**HOW TO COMPLETE THIS TASK**
Copy exactly the lines of the records below, and only those lines, beginning with the line that contains "Grandma's Garden Growing" and ending with the line that contains "Adjustable Sterling Silver".

═════ INFORMATION ═════

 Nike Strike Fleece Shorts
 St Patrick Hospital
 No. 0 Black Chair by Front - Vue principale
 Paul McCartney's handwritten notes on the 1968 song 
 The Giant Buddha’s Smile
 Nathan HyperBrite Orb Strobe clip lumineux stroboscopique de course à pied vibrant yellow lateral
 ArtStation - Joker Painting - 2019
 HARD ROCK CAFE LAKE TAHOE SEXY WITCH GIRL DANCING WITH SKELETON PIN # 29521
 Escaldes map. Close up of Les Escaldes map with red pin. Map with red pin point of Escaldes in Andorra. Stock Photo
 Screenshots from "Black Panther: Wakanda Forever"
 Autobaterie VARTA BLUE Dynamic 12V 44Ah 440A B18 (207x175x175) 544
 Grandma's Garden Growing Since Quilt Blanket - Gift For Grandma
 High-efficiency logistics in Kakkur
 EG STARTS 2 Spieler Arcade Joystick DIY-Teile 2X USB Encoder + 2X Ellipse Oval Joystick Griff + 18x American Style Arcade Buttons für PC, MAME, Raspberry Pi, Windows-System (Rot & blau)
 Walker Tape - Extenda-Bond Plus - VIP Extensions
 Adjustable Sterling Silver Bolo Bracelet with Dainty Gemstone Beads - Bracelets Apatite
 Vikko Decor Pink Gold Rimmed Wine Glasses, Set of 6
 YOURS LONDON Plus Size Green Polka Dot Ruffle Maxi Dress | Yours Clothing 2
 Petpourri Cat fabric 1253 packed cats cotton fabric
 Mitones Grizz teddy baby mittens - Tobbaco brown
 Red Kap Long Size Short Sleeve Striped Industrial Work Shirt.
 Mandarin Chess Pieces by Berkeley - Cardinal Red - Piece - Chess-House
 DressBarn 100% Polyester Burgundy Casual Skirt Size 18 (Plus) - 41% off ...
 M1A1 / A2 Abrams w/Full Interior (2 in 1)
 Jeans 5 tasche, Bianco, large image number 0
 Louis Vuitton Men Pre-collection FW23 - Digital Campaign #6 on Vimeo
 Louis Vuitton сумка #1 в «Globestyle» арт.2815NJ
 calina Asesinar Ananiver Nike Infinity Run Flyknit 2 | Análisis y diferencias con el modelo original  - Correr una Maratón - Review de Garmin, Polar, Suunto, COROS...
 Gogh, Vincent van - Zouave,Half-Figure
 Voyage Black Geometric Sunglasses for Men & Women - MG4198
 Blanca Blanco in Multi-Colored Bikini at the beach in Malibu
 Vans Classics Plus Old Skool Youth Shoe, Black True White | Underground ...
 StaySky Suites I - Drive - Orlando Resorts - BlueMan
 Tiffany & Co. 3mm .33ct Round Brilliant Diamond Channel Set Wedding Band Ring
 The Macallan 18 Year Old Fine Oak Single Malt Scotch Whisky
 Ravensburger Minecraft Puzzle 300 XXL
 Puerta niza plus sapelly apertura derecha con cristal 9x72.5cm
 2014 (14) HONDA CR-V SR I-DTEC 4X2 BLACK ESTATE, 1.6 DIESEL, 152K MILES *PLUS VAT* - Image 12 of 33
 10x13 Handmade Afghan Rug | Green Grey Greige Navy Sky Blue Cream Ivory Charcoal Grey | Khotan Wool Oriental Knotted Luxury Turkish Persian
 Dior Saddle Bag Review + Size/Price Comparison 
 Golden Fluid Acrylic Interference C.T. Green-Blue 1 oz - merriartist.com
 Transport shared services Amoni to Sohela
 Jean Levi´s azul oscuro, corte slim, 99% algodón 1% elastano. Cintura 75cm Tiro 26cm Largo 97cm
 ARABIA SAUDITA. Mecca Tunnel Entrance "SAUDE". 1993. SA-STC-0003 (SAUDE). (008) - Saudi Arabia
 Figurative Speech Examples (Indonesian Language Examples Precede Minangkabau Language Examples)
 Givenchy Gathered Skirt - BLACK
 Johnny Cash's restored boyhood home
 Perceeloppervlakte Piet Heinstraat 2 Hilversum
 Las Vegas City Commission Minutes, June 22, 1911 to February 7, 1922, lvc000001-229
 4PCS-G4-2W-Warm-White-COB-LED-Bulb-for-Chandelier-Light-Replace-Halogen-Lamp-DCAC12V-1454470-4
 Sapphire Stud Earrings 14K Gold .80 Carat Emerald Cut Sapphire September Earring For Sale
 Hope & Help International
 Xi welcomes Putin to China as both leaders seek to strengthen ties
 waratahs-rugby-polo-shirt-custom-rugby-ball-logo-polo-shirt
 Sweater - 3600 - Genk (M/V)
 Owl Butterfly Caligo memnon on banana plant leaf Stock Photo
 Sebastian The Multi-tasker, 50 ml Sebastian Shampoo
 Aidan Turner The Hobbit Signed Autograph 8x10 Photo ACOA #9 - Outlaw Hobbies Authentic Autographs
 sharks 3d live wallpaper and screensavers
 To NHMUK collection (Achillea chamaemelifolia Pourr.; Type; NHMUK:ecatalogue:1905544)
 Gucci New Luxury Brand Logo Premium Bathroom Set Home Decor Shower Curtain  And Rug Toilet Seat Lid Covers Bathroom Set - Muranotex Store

═════

**REPLY**
 Grandma's Garden Growing Since Quilt Blanket - Gift For Grandma
 High-efficiency logistics in Kakkur
 EG STARTS 2 Spieler Arcade Joystick DIY-Teile 2X USB Encoder + 2X Ellipse Oval Joystick Griff + 18x American Style Arcade Buttons für PC, MAME, Raspberry Pi, Windows-System (Rot & blau)
 Walker Tape - Extenda-Bond Plus - VIP Extensions
 Adjustable Sterling Silver Bolo Bracelet with Dainty Gemstone Beads - Bracelets Apatite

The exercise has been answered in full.